Taleb employed a “barbell strategy”—that is, two risk extremes with no medium level. He put a big majority of his money in the safest assets he could find, such as treasury bills or cash. The rest he put into what are called way out of the money options—put options that are massively below the current market price of the stock, or call options that are massively above, and are priced as being extremely improbable events. The strategy is to make sure you could lose all of your money each time without getting wiped out, because you only need to be right once. And indeed, in the 1987 crash Taleb made tens of millions of dollars, and in the 2008 crash he did it again.
There is a similar strategy available to those who would devote themselves to a craft. The heart of Taleb’s philosophy is that you should minimize the downside risk to yourself, while maximizing the potential upside. When it comes to a craft, the best way to accomplish this is to prepare yourself for the possibility that all you will get out of it is the enjoyment of doing something well. Meanwhile, you should be putting your work out on the public web in order to make it possible for it to get a lot of attention—but again, only if you can emotionally prepare yourself for the fact that it probably won’t.
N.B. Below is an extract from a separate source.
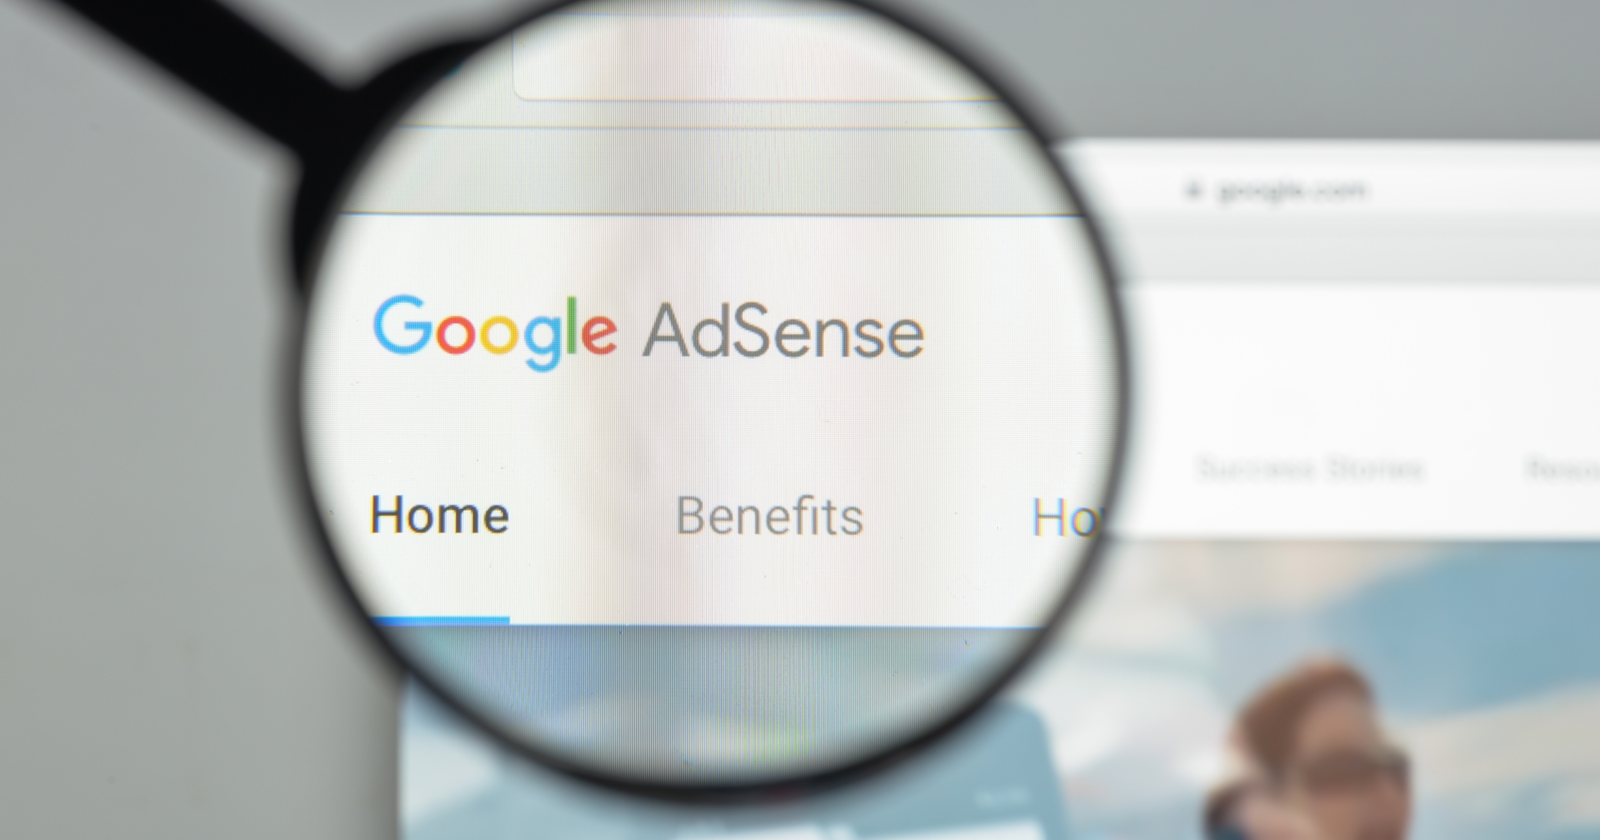 New Related Search Feature For AdSense Is Introduced via @sejournal, @brookeosmundson

By Adam Gurri over at The Umlaut. Lots of good advice within, the economic lens being a fresh one on the truism to follow one's passion.
A corollary is not living too far beyond one's means so far that you can't even purchase some options. I'm not sure I agree with Gurri that "modern levels of affluence allows people to work a job the market will pay them for and still have time left over to devote to something they genuinely love," at least not as a rule rather than a privileged exception.
When I left my job at Amazon to go to film school, I was starting over, from the bottom rung, but I had the luxury of some savings from having worked a while to allow me to focus on filmmaking without having to take out exorbitant loans or work a side job waiting tables.
But many of my classmates graduated with a crippling debt overhang, and that comes with a real cost, both physical and mental. To be, as Taleb put it, antifragile, you need, as a budding filmmaker, to be able to pay your rent and buy enough ramen to keep yourself somewhat healthy, you need health insurance, you need those things that limit your you from catastrophic downside while allowing you some freedom to work on your craft, to purchase those options which might, though the odds are long, cash in.
It sounds so sensible: limit your downside, give yourself a chance at massive upside. And yet we romanticize the story of the long shot who puts it all on the line, has everything to lose, and against the longest of odds achieves massive prosperity. This is, depending on how you look at it, a good thing, giving hope to those who face the longest of odds, or dangerous mythology.